Actually, it is very simple. I fell in love with Australia.
Do you have any advice for me how to proceed to get a job down under?

I won't hold a bachelor or a masters degree. it's a German Diplom, which is considered as a qualification in between a bachelor or a masters.

I would be willing to relocate to pretty much anywhere in Australia. I just want to get started there.
I have applied with several companies through their graduate recruitment, but I dunno if approach is going to be fruitful.

Thank you for your help


----------



## kaz101

Hi Hessi, 

Have you checked to see what visa suits you? There is a link to the DIAC website in the 'PLEASE READ....' post and there is also a link to the visa wizard which has the most common forms of visa. 

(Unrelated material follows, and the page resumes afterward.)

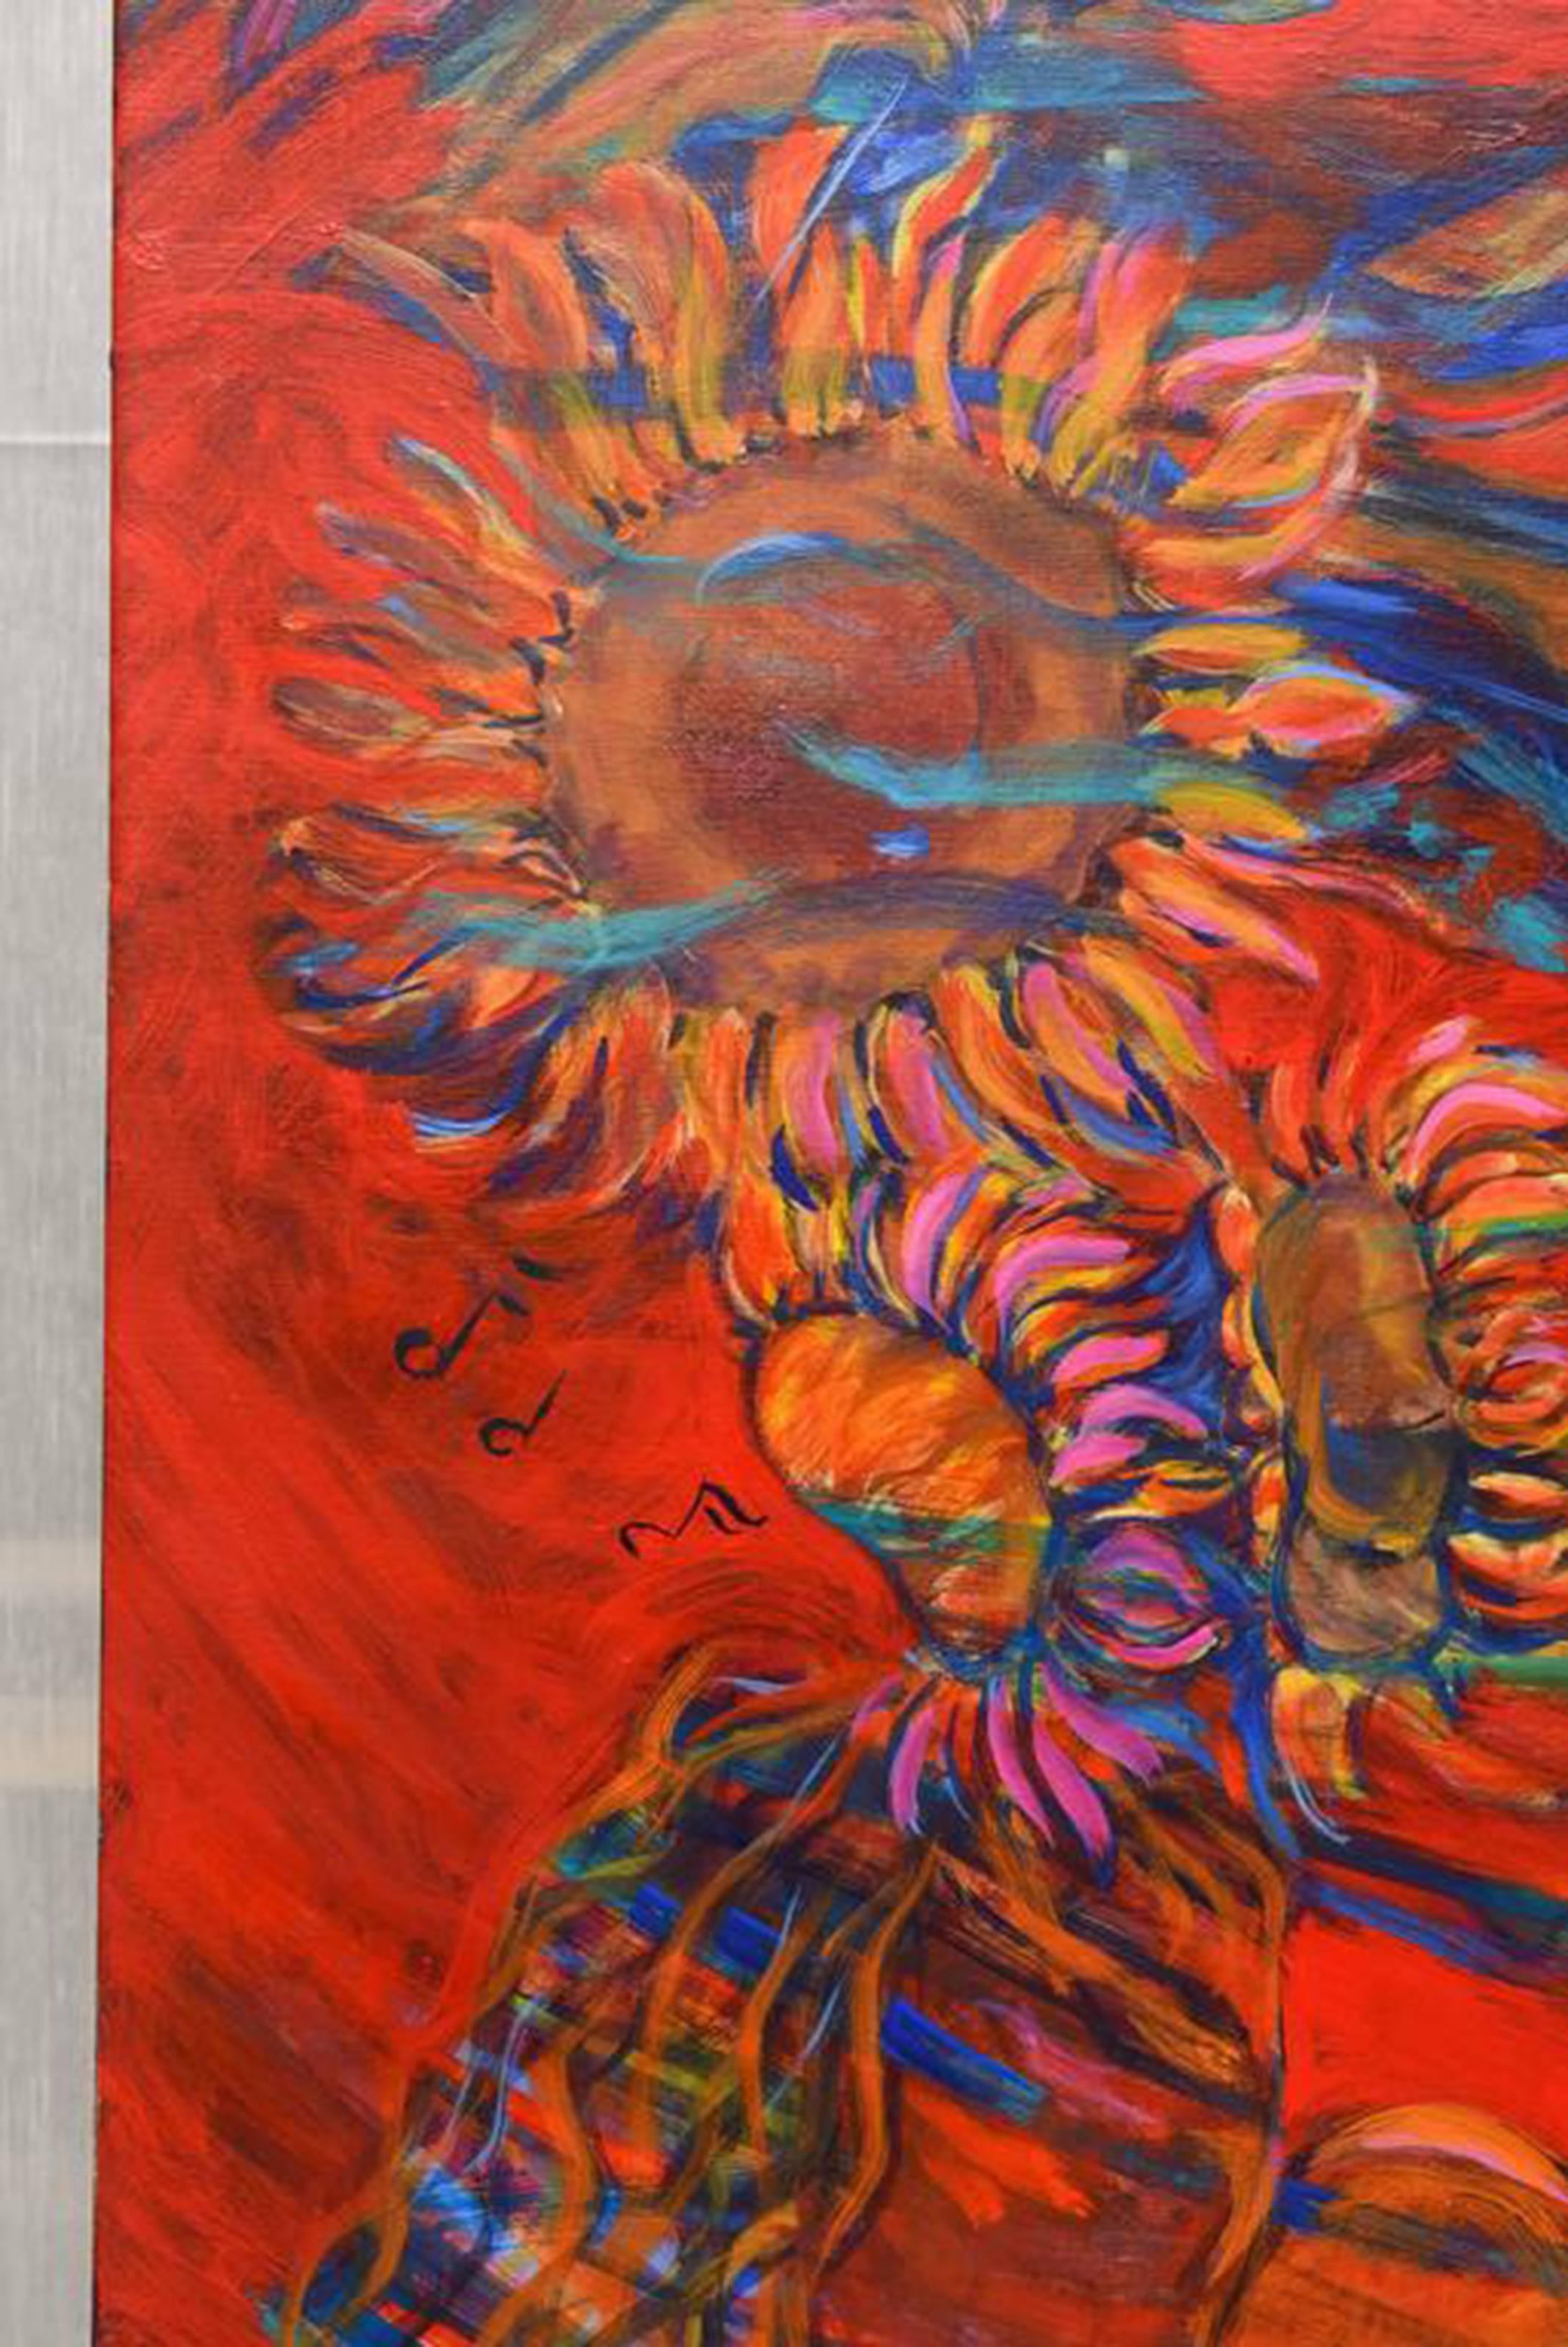 Swirling is a painting made by Evelyne Ballestra, a French contemporary artist. This piece is a part of a flower series, defined by their distinct bright colors, satiny, silky, vibrating materials and form. In this particular piece, the artist melt
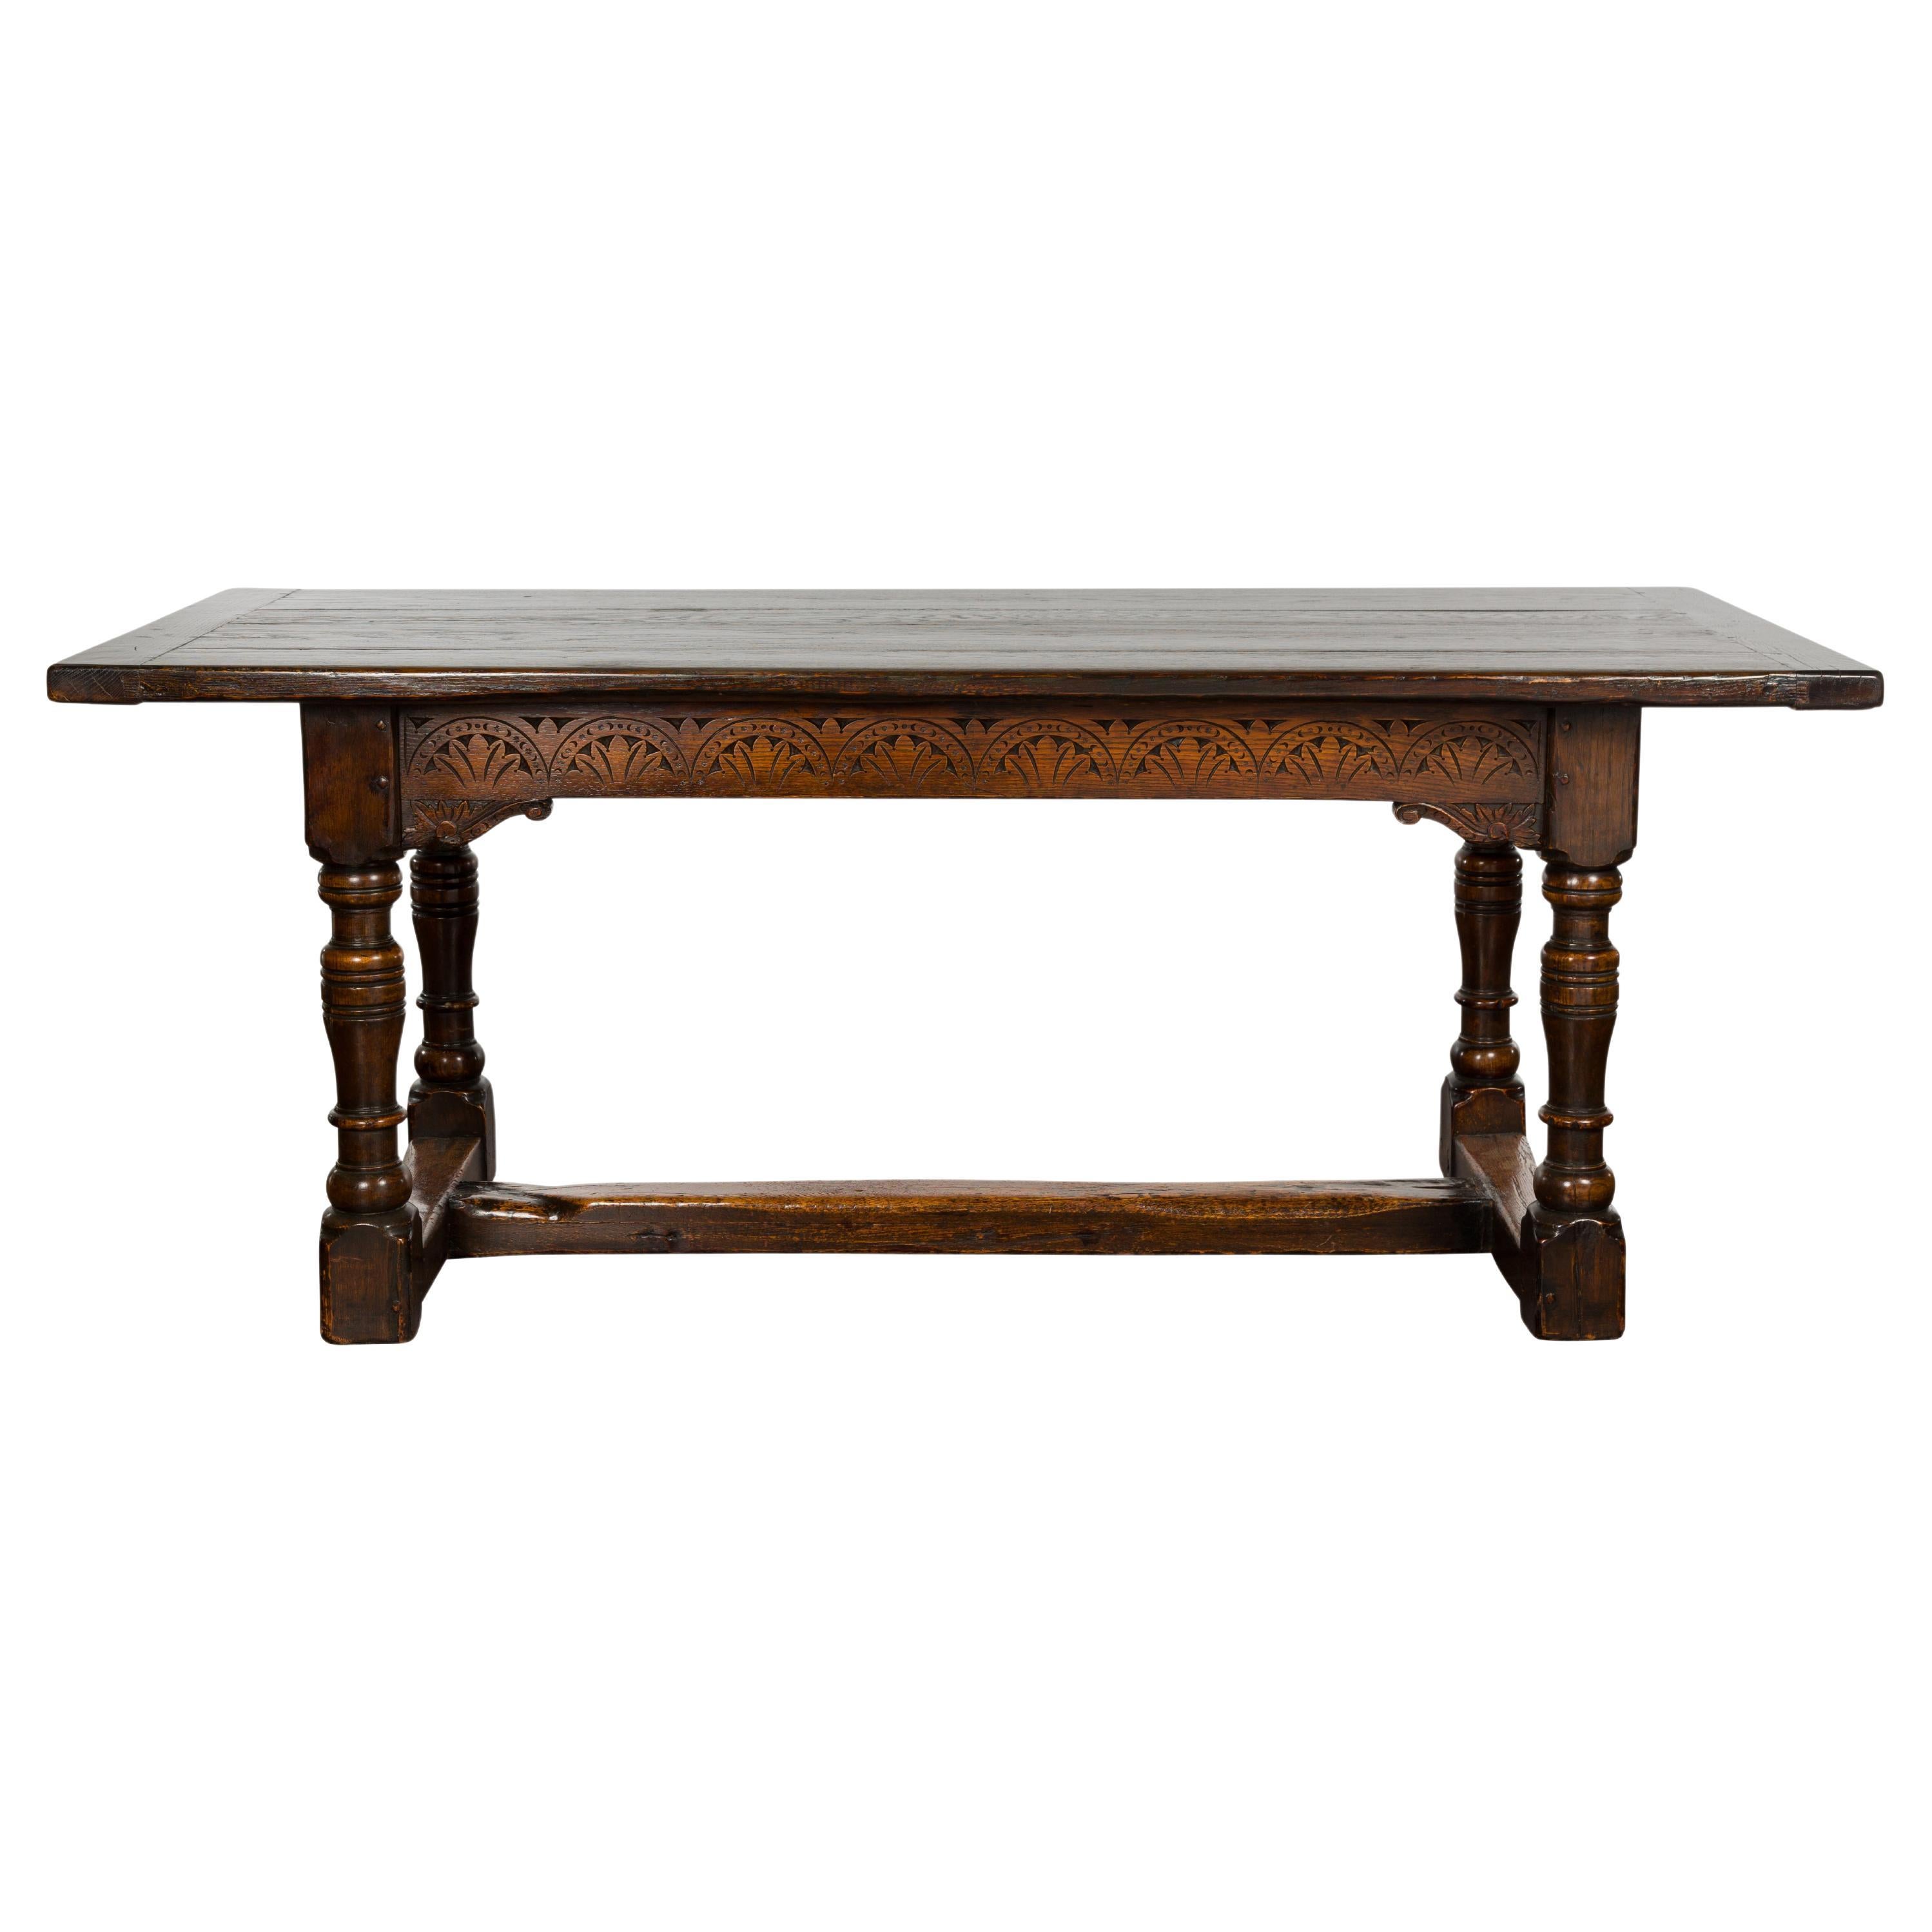 19th Century English Oak Table with Carved Apron and Turned Legs For Sale

Take a look through the visas but be aware that most of them require experience in a skill / trade. 

If companies can get graduates locally then they are unlikely to recruit from abroad so unless you are in demand you may not get company sponsorship. 

Regards,
Karen


----------



## Dolly

Hi Hessi,

Welcome to the forum.

When you're starting off you have to work out if you qualify for a visa. If you look at the sticky "Thinking of emigrating" as well as the sticky Karen suggested, there's all the info you need.

Work experience is a major part of the visa process.

Have a read and then ask away with more questions (because when you've read all that, you'll have loads  ).

Dolly


----------



## Hessi

Dolly said:


> Hi Hessi,
> 
> Welcome to the forum.
> 
> When you're starting off you have to work out if you qualify for a visa. If you look at the sticky "Thinking of emigrating" as well as the sticky Karen suggested, there's all the info you need.
> 
> Work experience is a major part of the visa process.
> 
> Have a read and then ask away with more questions (because when you've read all that, you'll have loads  ).
> 
> Dolly


Thank you to the both of you!

I do qualify for the Occupational Trainee Visa. I gained work experience as part of my studies in Germany and Canada ( totalling a year) and I do have an apprenticeship. However, it is not hundred percent related to my degree.

I am applying with big mining companies at the moment. However, since I am not a local I don't think my approach is going to be fruitful.

I was just wondering if you have any experience with similar cases ( recent European graduate seeking employment in OZ)

I will definitely be digging through all the threads and soak up as much as possible to get me any further!

Cheers


----------